Before the First World War, Australian theatre was dominated by British drama, bushranger plays and rural comedies. Attempts to establish an Australian national theatre were short-lived, but Louis Esson's The Time Is Not Yet Ripe (1912) was a notable work. In the inter-war years, Australian drama was fostered by the overtly political New Theatre Movement and small repertory theatres. Katherine Susannah Pritchard's Brumby Innes (1927) is notable. Poet Douglas Stewart wrote successful verse dramas for radio in the 1940s.

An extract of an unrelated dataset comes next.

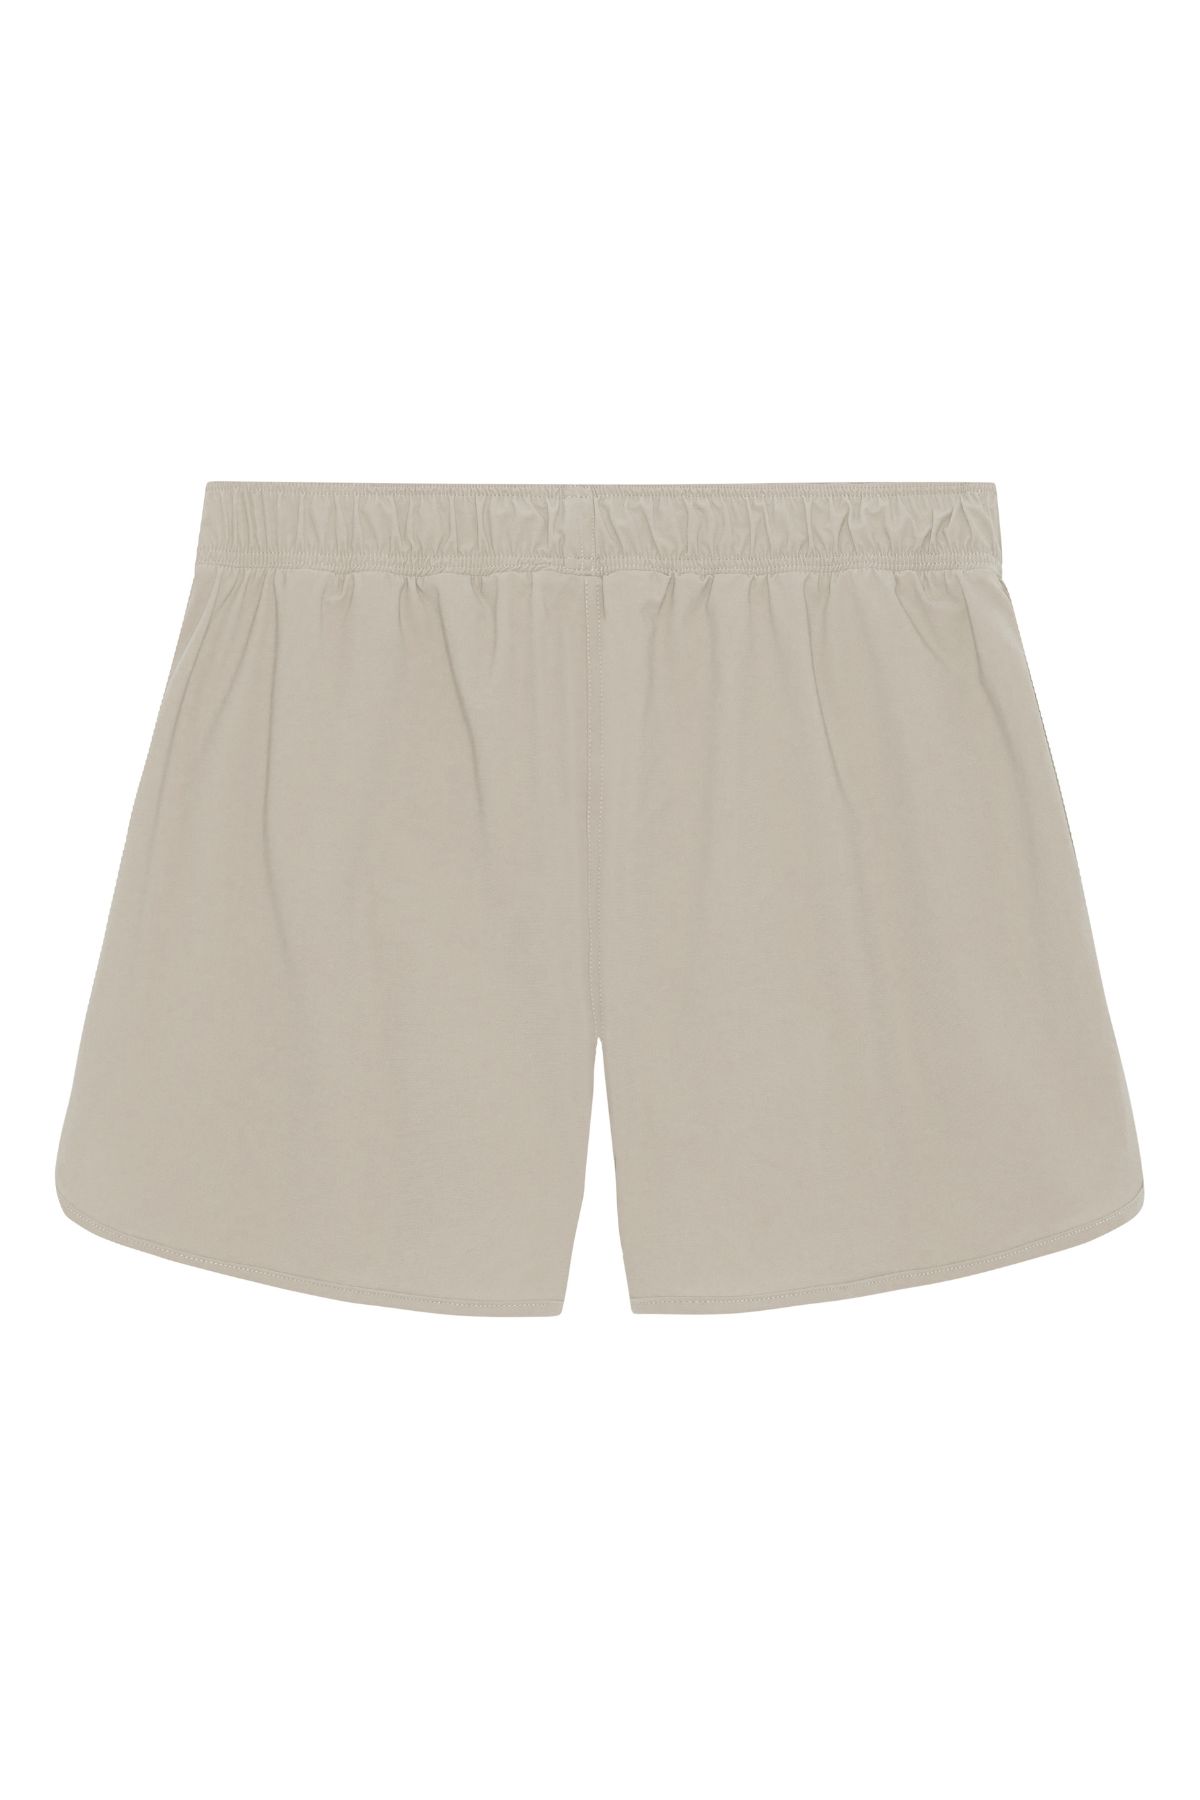 Balian herre shorts - Sand

Australian composers of the period mostly produced conservative work based on mainstream British and European models. George Marshall-Hall was a British composer who migrated to Melbourne in 1891 and whose opera Stella (1909) is set in colonial Australia. Alfred Hill also composed operas including Auster (1922) and Ship of Heaven (1923). Percy Grainger was successful internationally for his short compositions in the style of British folk tunes although he also wrote longer orchestral pieces and experimental works. Alfred Hill and Margaret Sutherland are notable for their chamber music of the 1920s and 1930s. Clive Martin Douglas attempted to incorporate Aboriginal influences in his music and is notable for his operetta Kaditcja (1938) and his symphonic poem Carwoola (1939).

Australian popular songs before the First World War mostly drew on music hall and overseas trends such as ragtime. Nellie Melba remained popular on stage and in gramophone recordings. Local commercial record production began in 1926 and May Brahe's "Bless this House" (1927) became the most recorded Australian song. Jack O'Hagan wrote several successful songs with Australian themes including "Along the Road to Gundagai" (1922). Most Australian live music and recordings were heavily derivative of popular British and American styles such as the sentimental songs of the 1930s and swing music of the 1930s and 1940s.